BEGIN

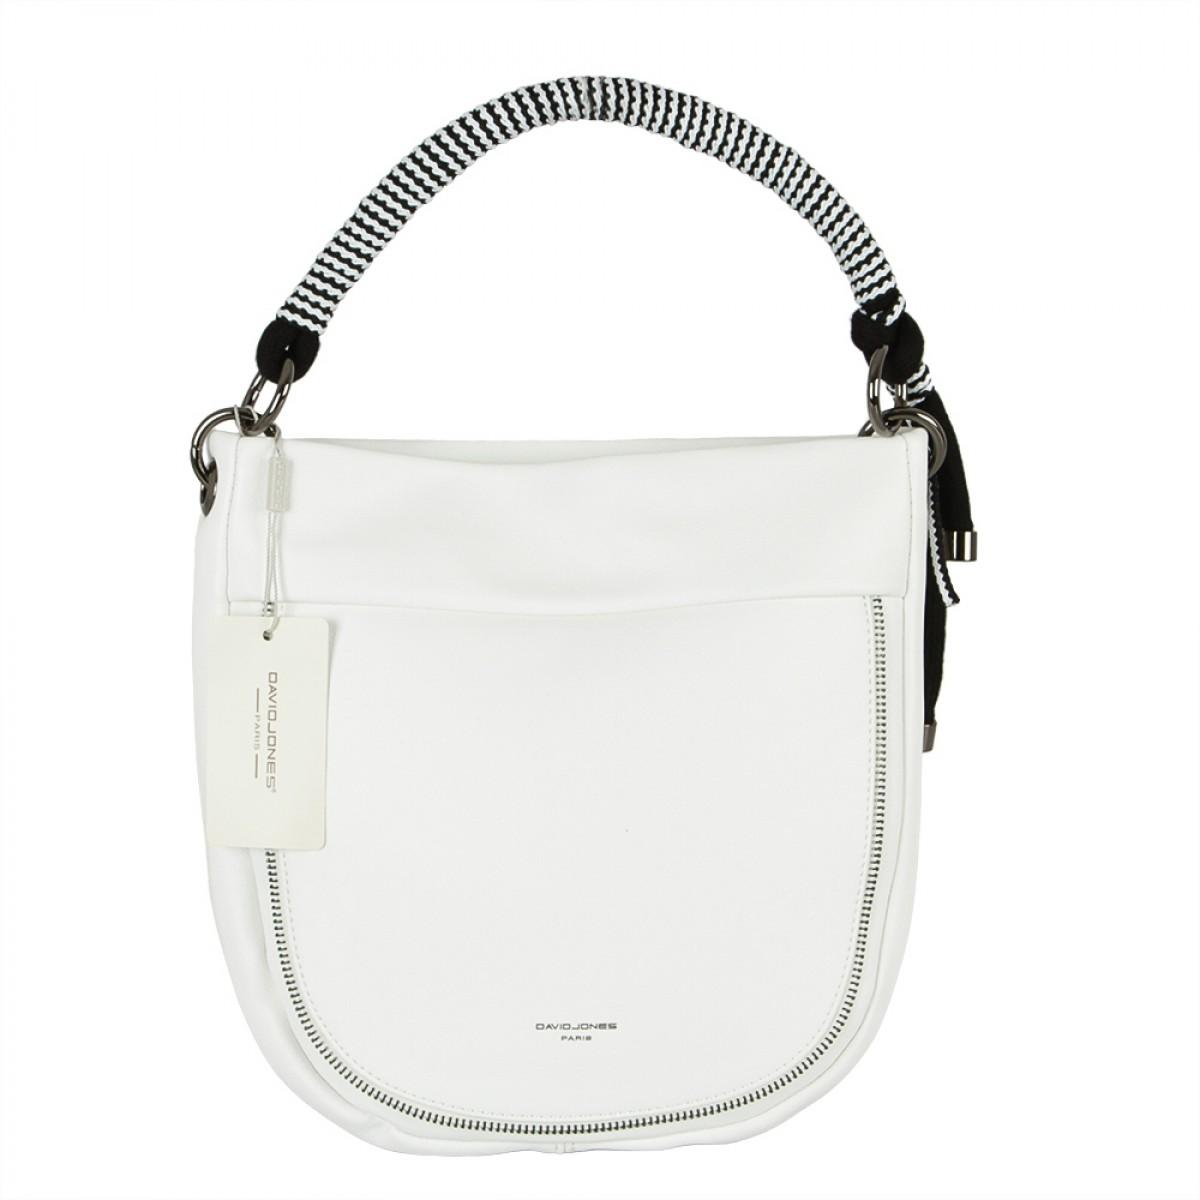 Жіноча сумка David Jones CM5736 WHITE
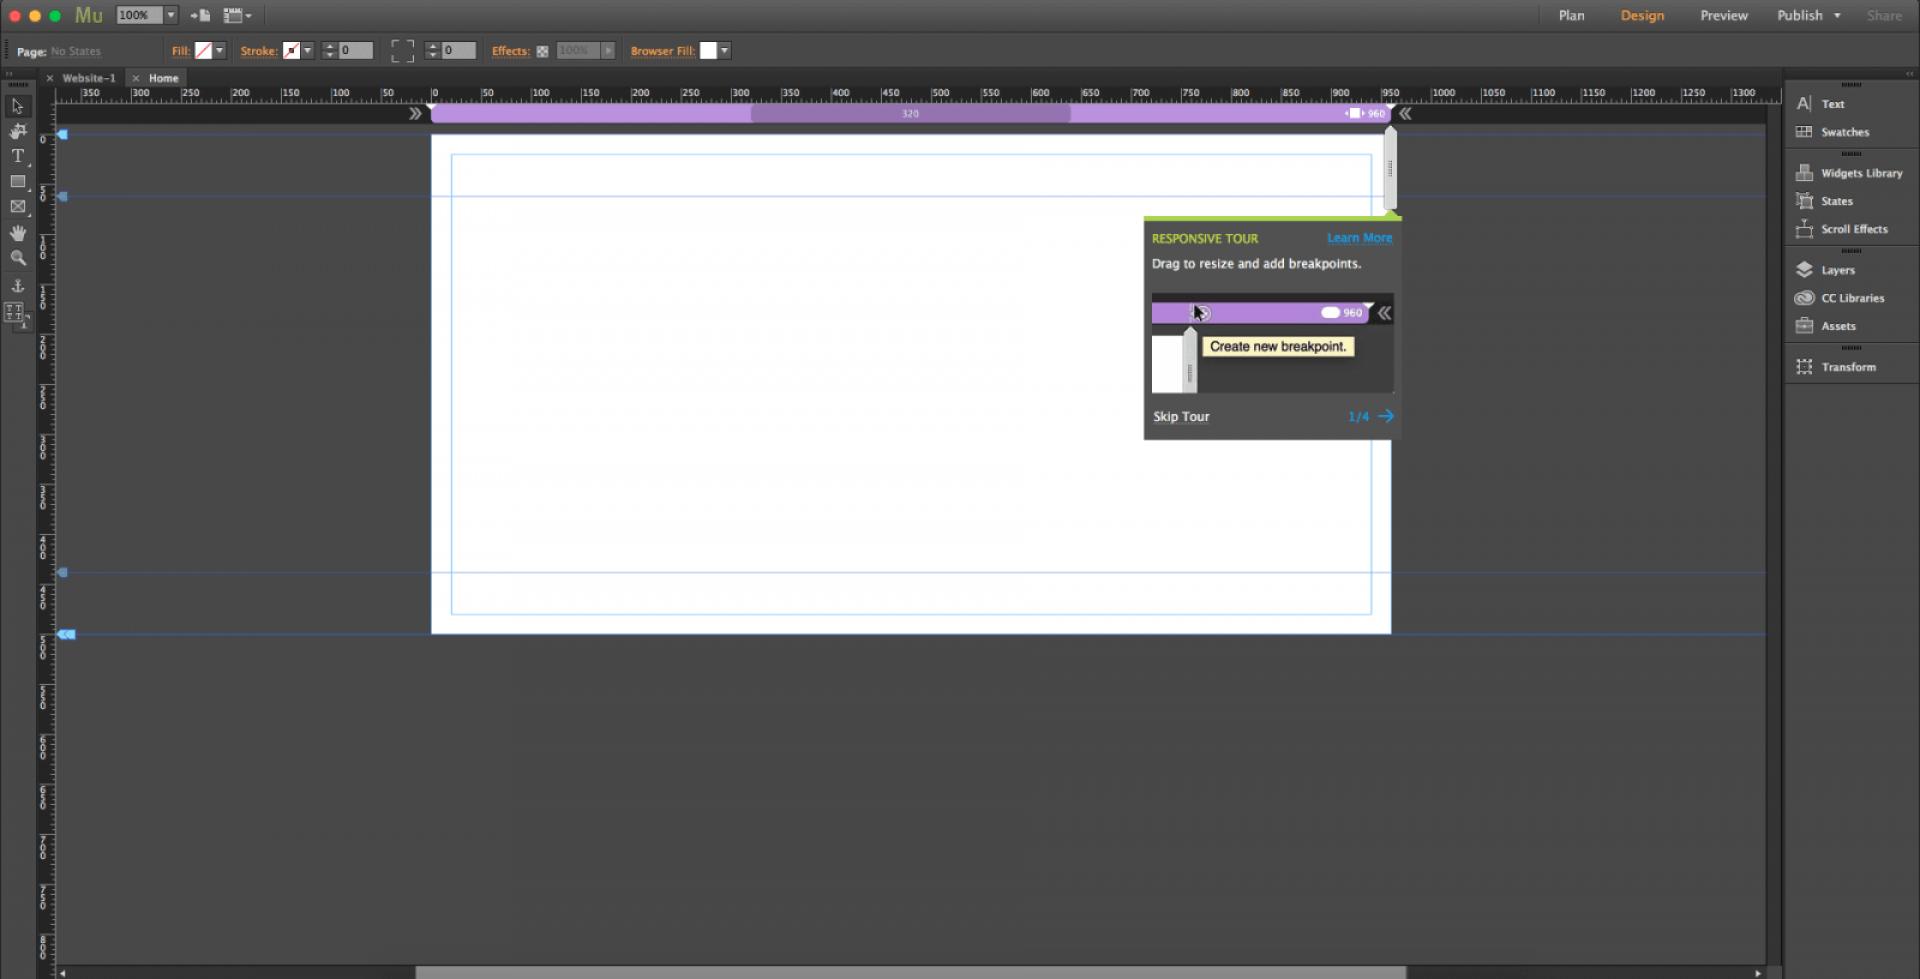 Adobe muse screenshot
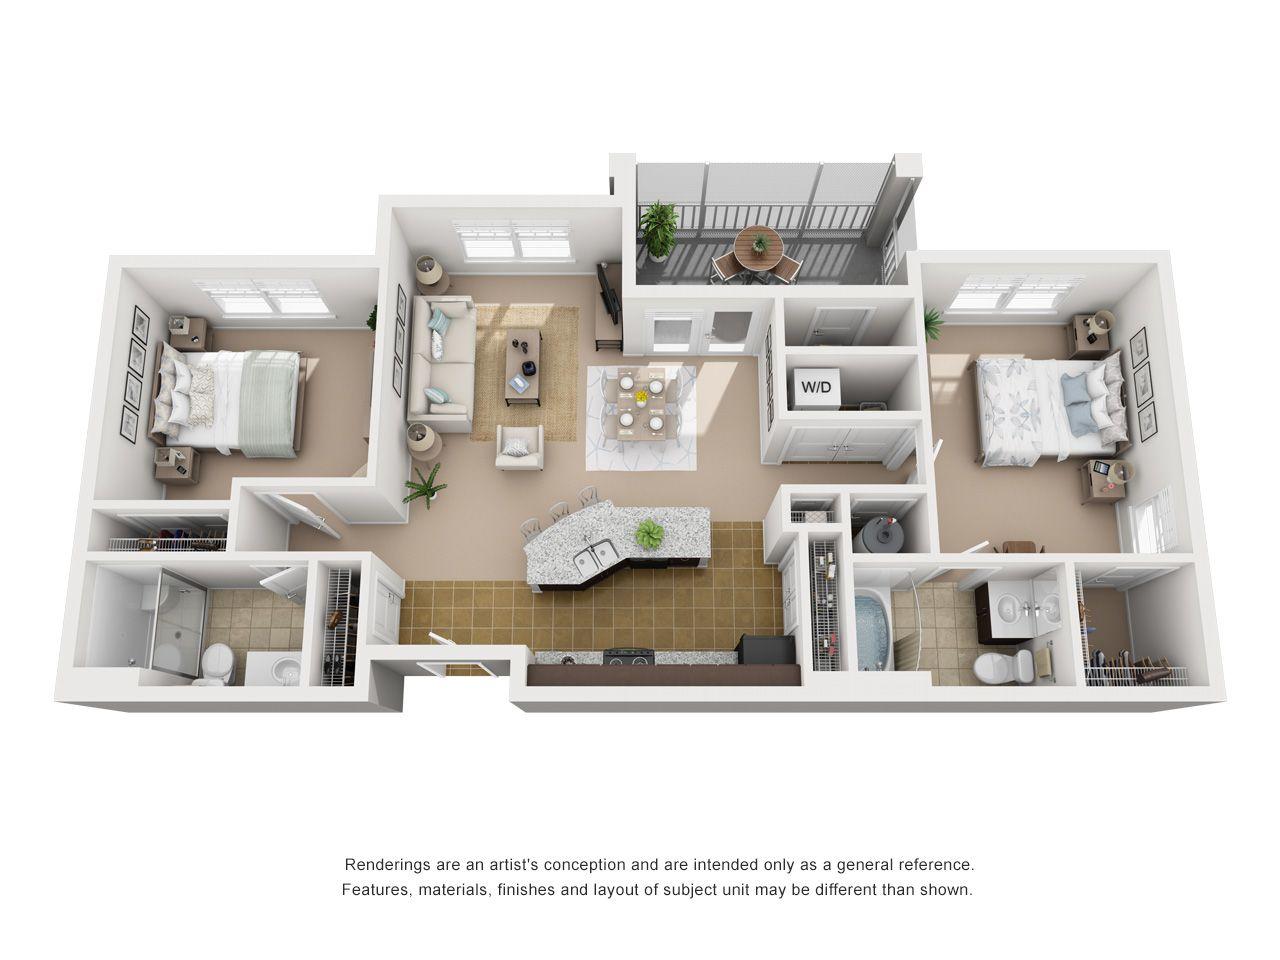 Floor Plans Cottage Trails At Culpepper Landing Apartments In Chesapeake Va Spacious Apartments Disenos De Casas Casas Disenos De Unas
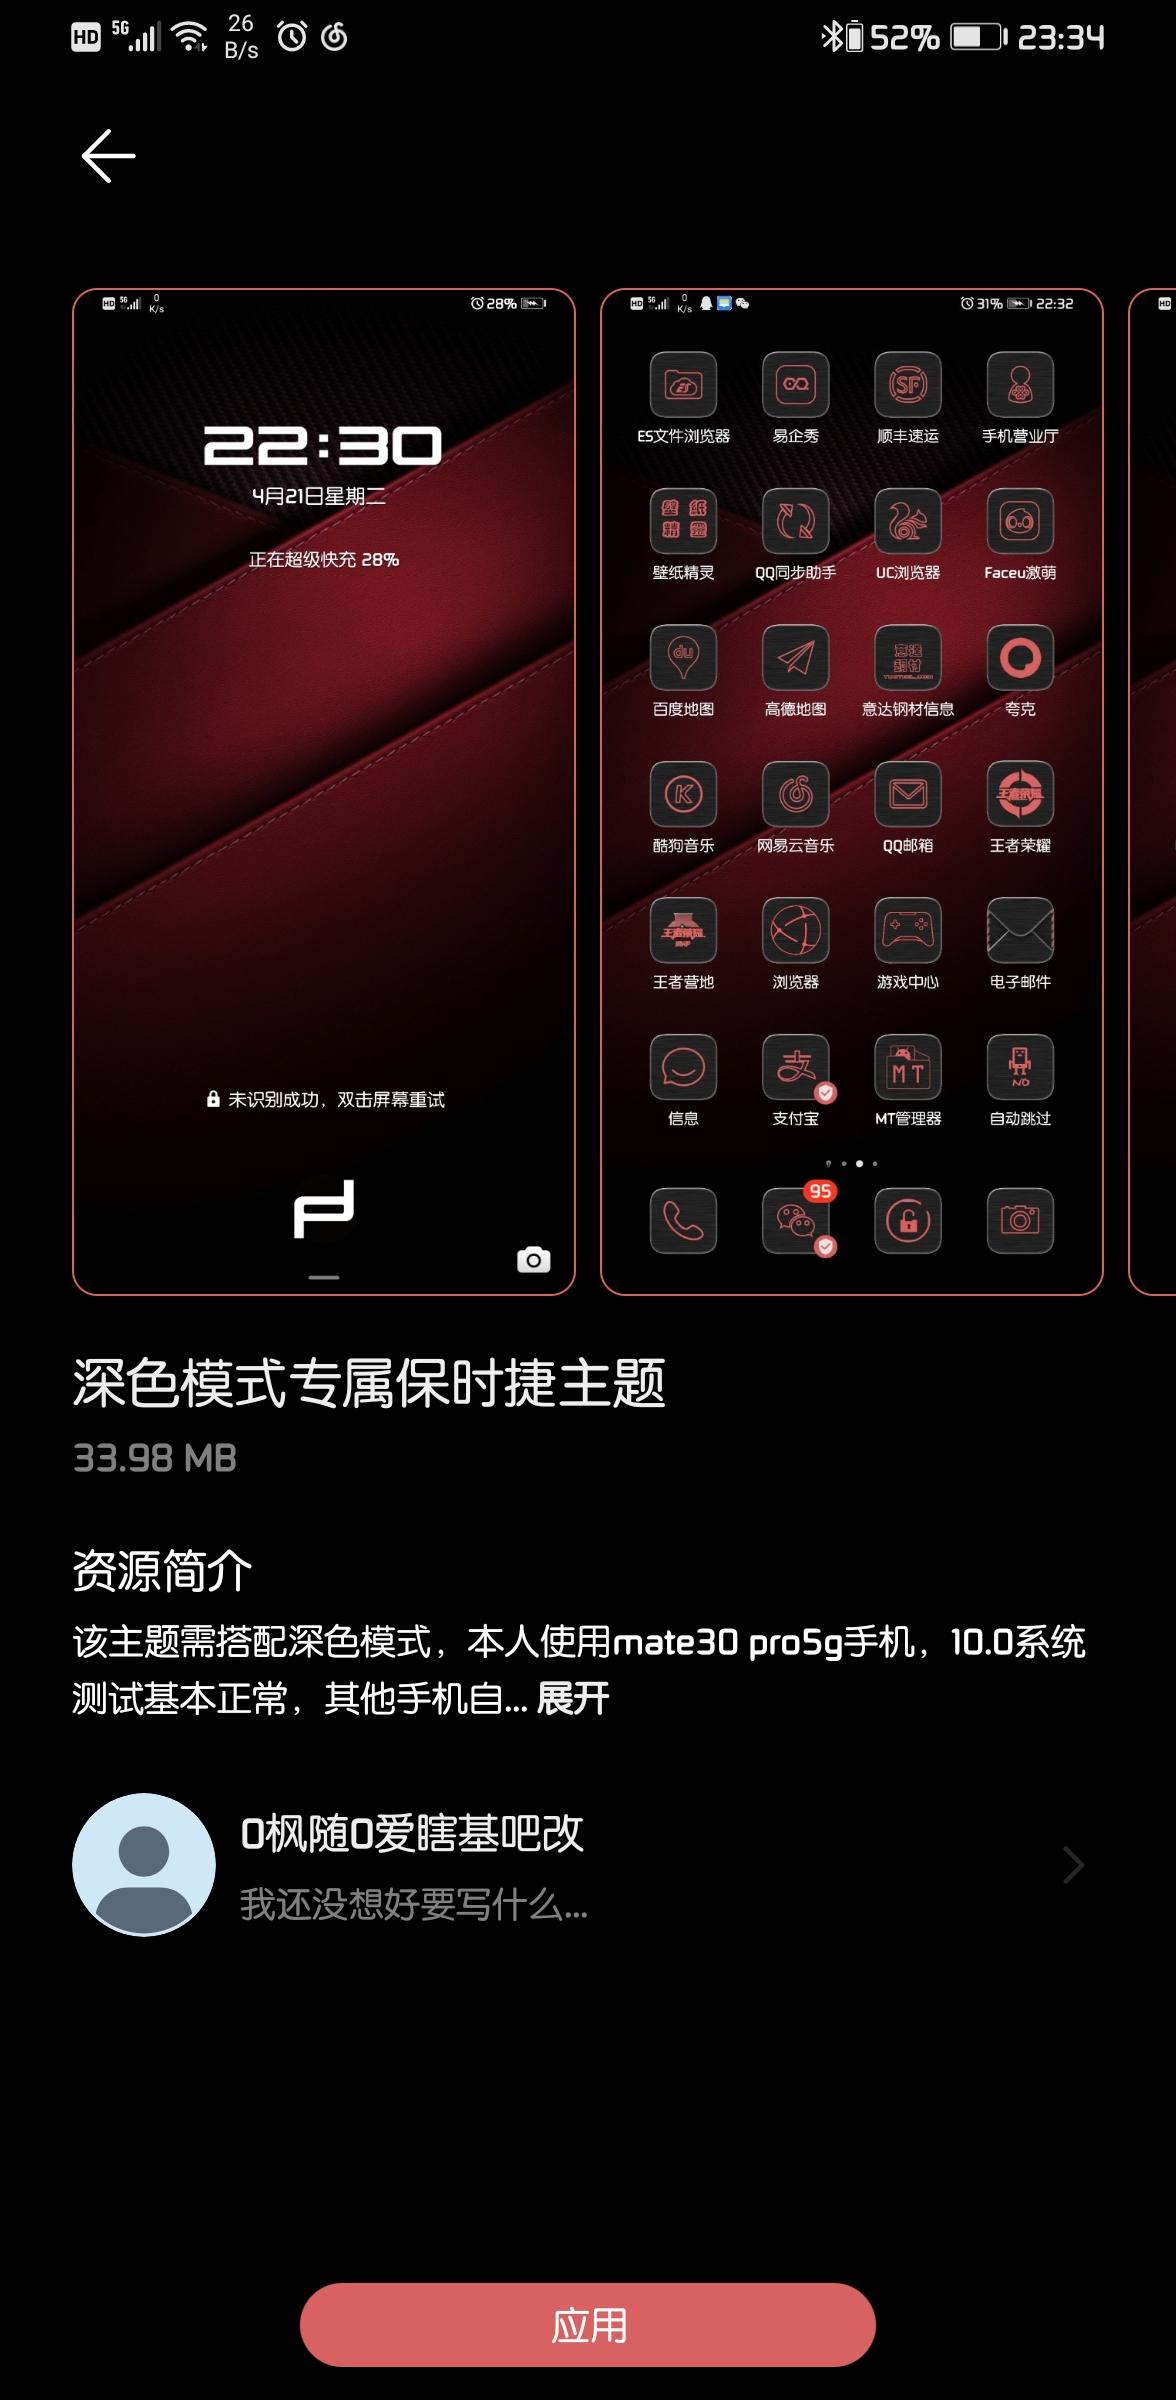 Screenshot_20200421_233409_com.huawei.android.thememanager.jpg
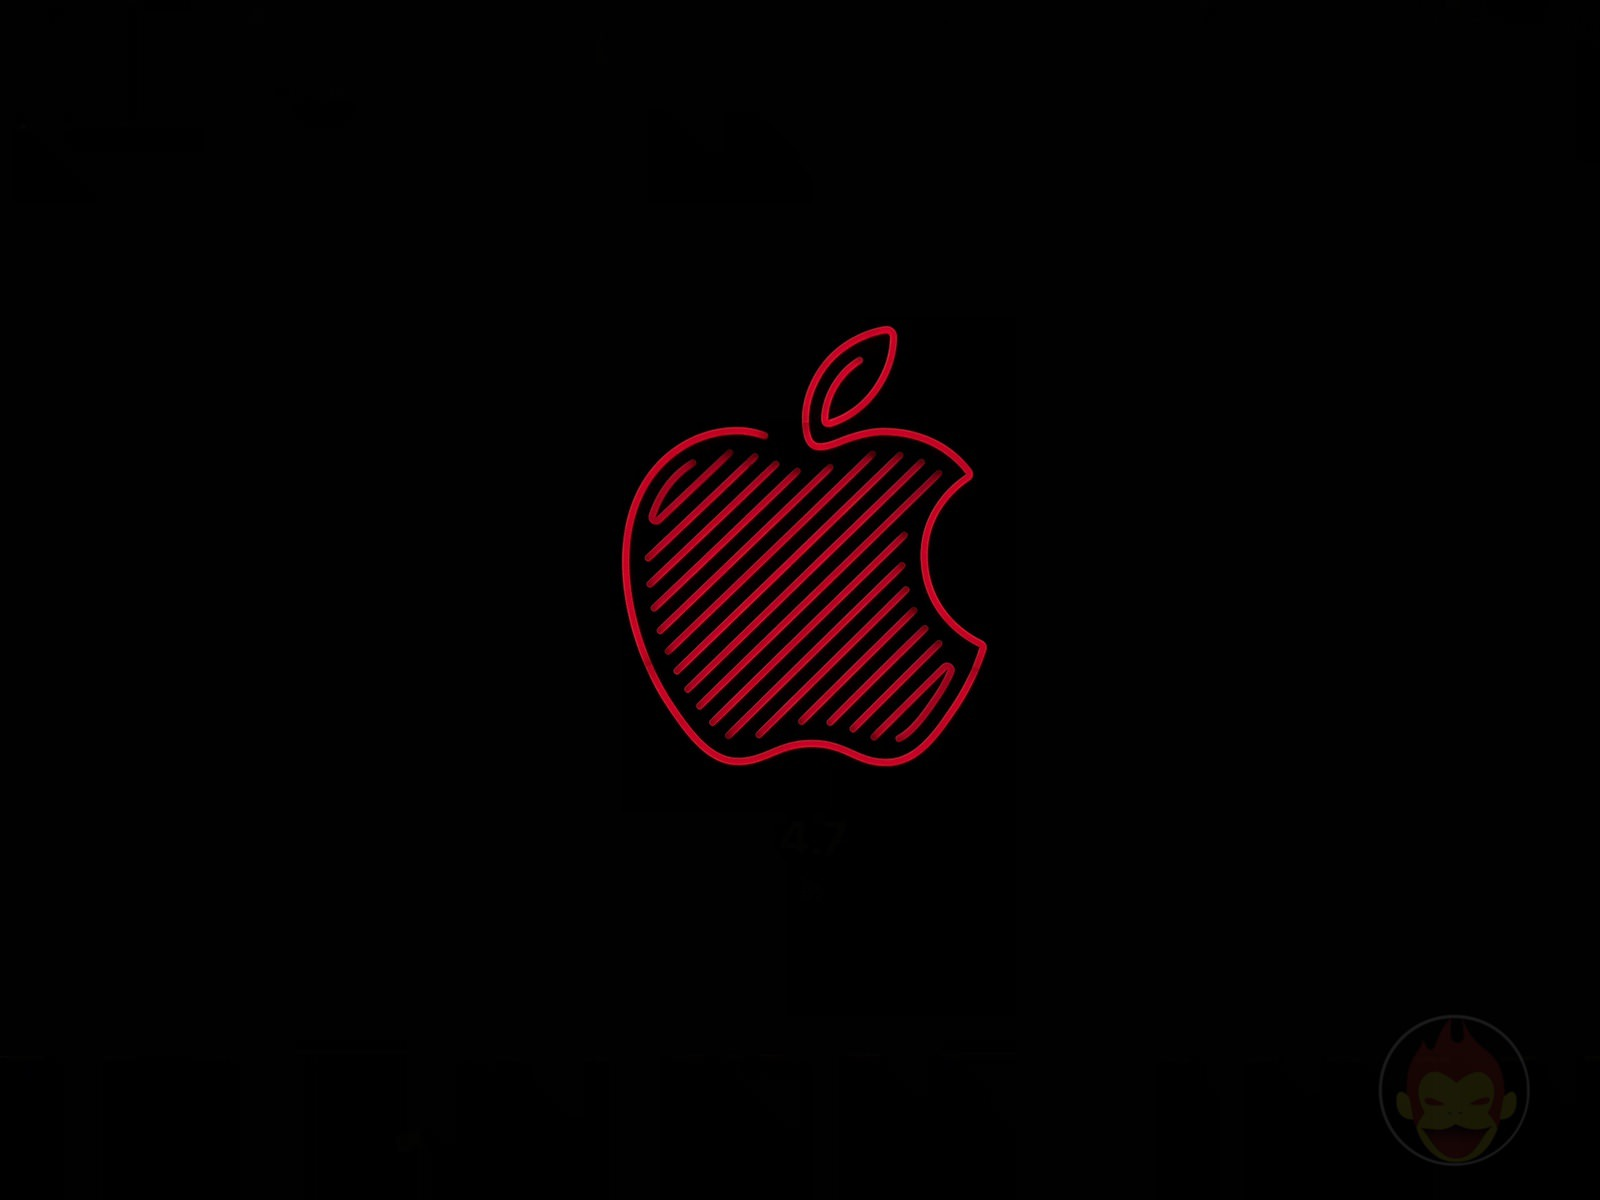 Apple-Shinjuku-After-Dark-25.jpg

END

▶ _What is being asked_
Starting at the first line of the entries, restate word for word everything through the line that holds "Screenshot_20200421_233409_com.huawei.android.thememanager.jpg", both ends included, but omit any pictures.

▶ _Expected output_
 Жіноча сумка David Jones CM5736 WHITE
 Adobe muse screenshot
 Floor Plans Cottage Trails At Culpepper Landing Apartments In Chesapeake Va Spacious Apartments Disenos De Casas Casas Disenos De Unas
 Screenshot_20200421_233409_com.huawei.android.thememanager.jpg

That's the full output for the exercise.